DATASET SECTION
▼

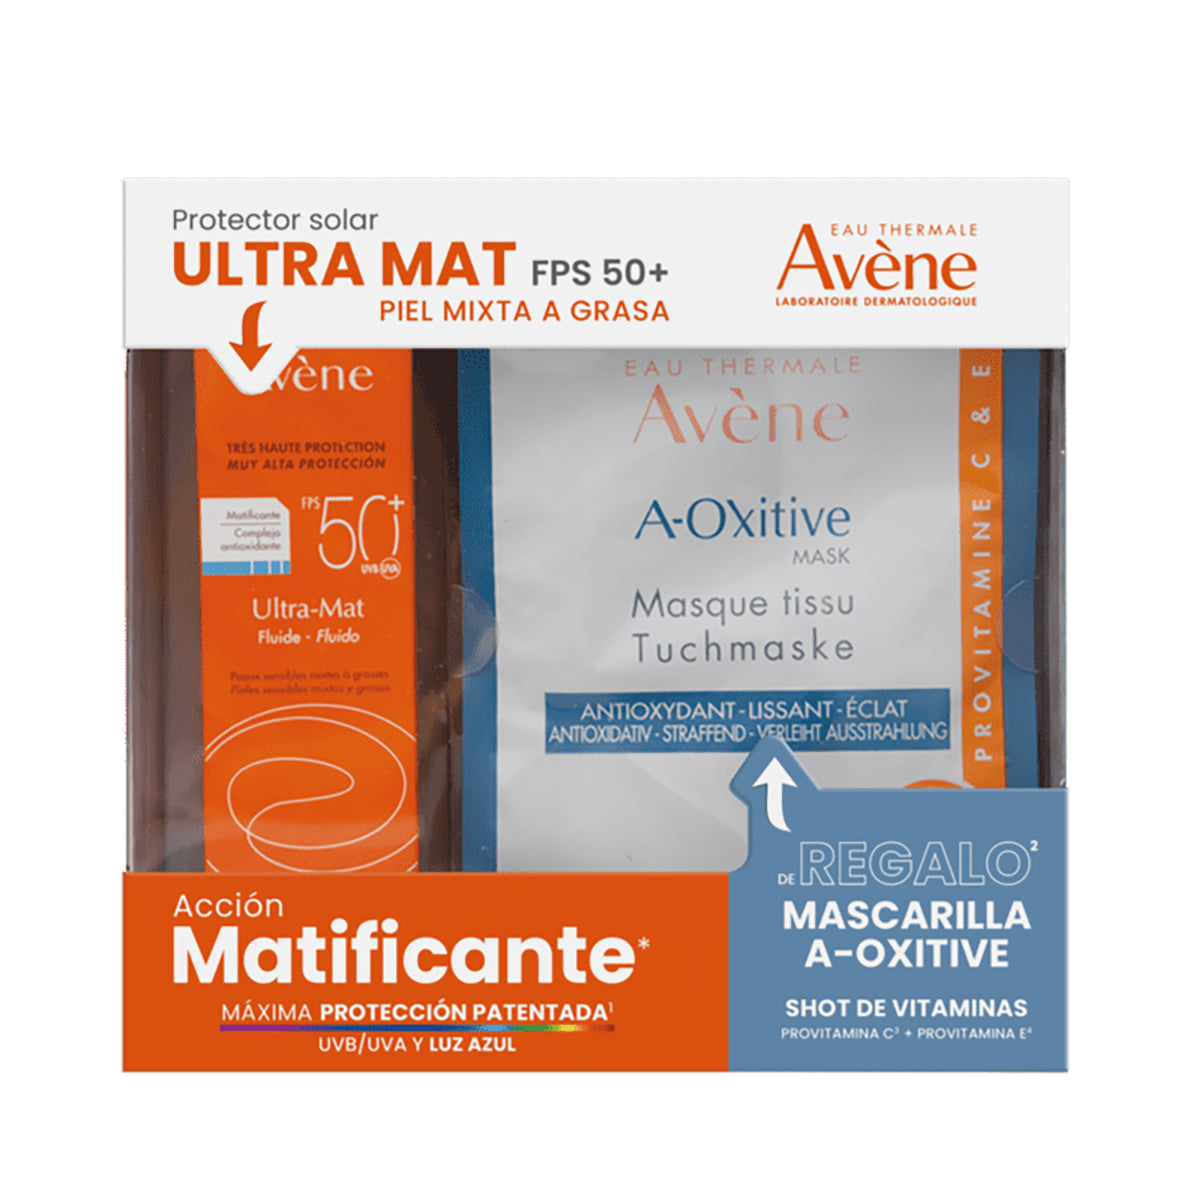 Avene Kit protector solar ultra mat 50ml + Mascarilla a-oxitive 18ml.
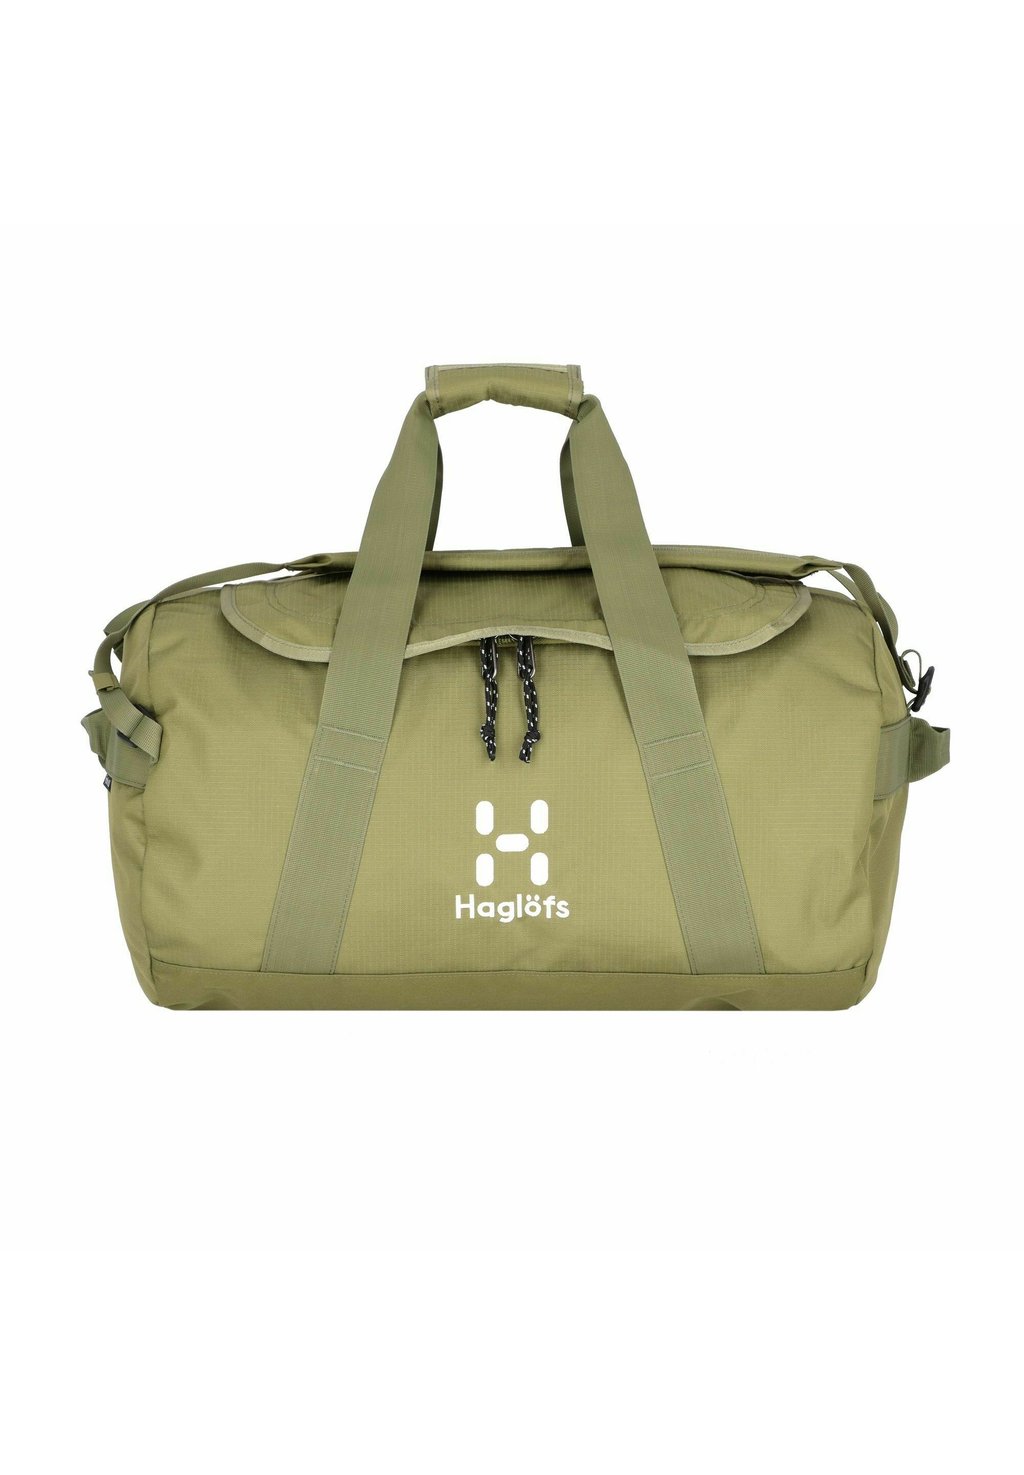 Спортивная сумка Fjatla 53 Cm Haglöfs, цвет olive green
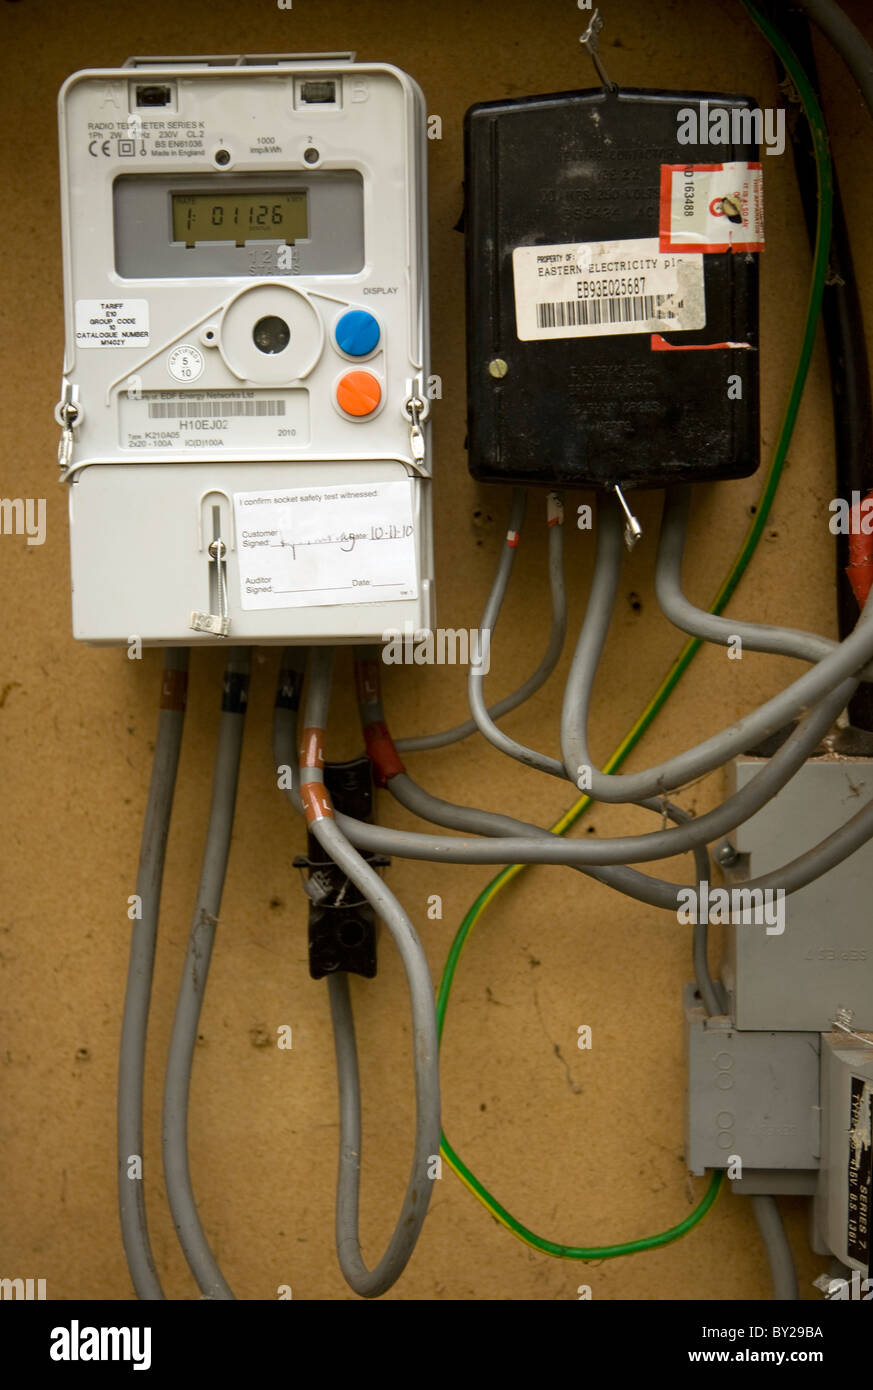 La caja del contador eléctrico de una casa Fotografía de stock - Alamy
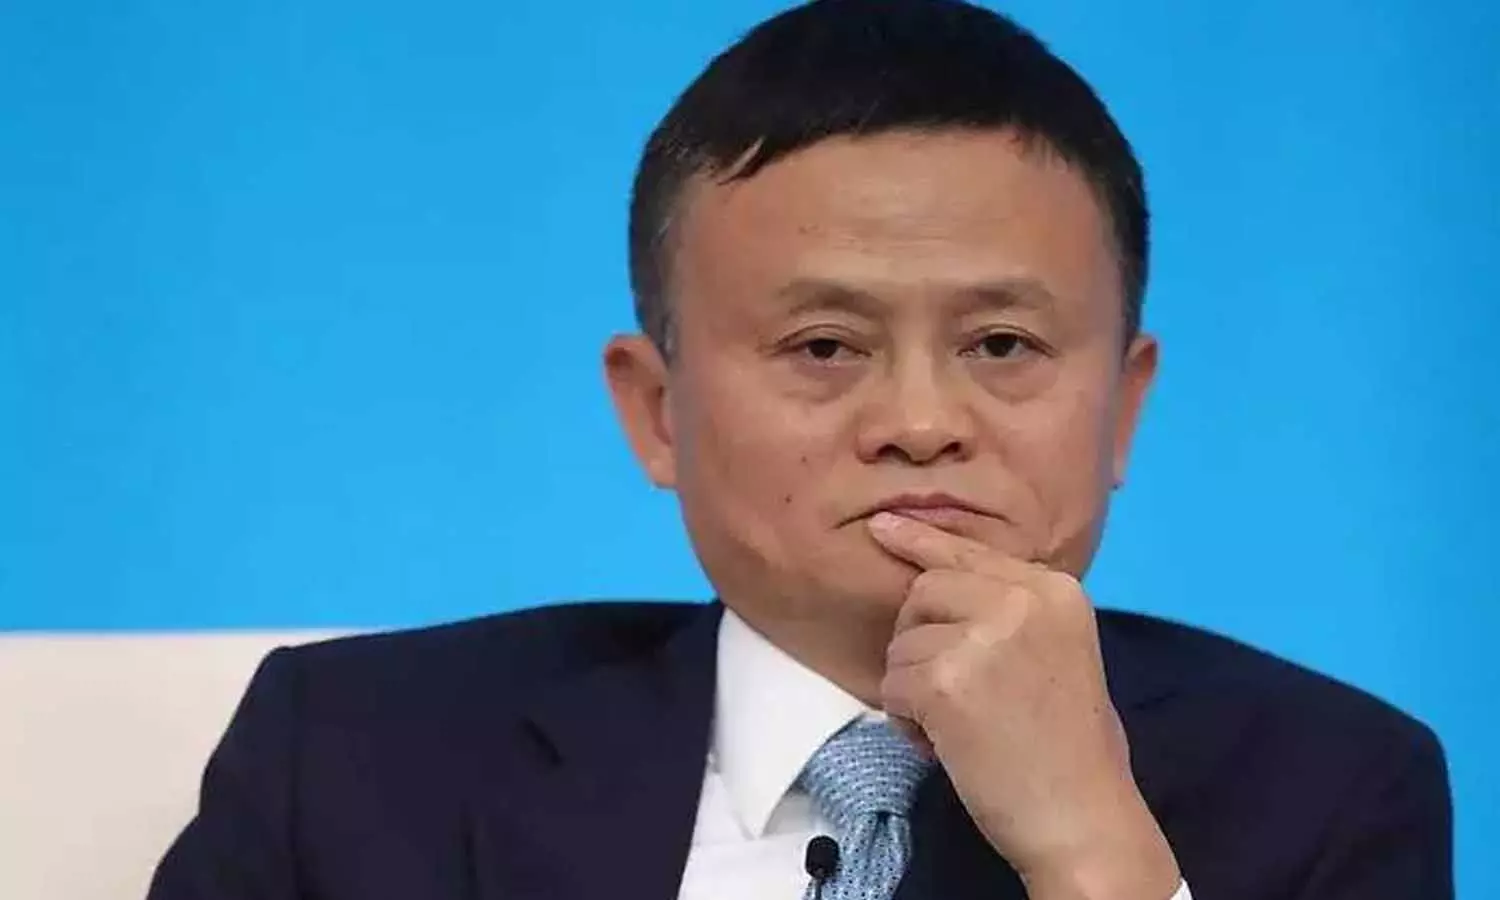 Jack Ma Ko Nuksan: जैक मा मुसीबत में, चीन सरकार की आलोचना के बाद गंवाए 344 अरब डॉलर

▲

YOUR OBJECTIVE
Pictures stay out; the data above is to be returned exactly.

TASK RESPONSE
 Avene Kit protector solar ultra mat 50ml + Mascarilla a-oxitive 18ml.
 Спортивная сумка Fjatla 53 Cm Haglöfs, цвет olive green
 La caja del contador eléctrico de una casa Fotografía de stock - Alamy
 Jack Ma Ko Nuksan: जैक मा मुसीबत में, चीन सरकार की आलोचना के बाद गंवाए 344 अरब डॉलर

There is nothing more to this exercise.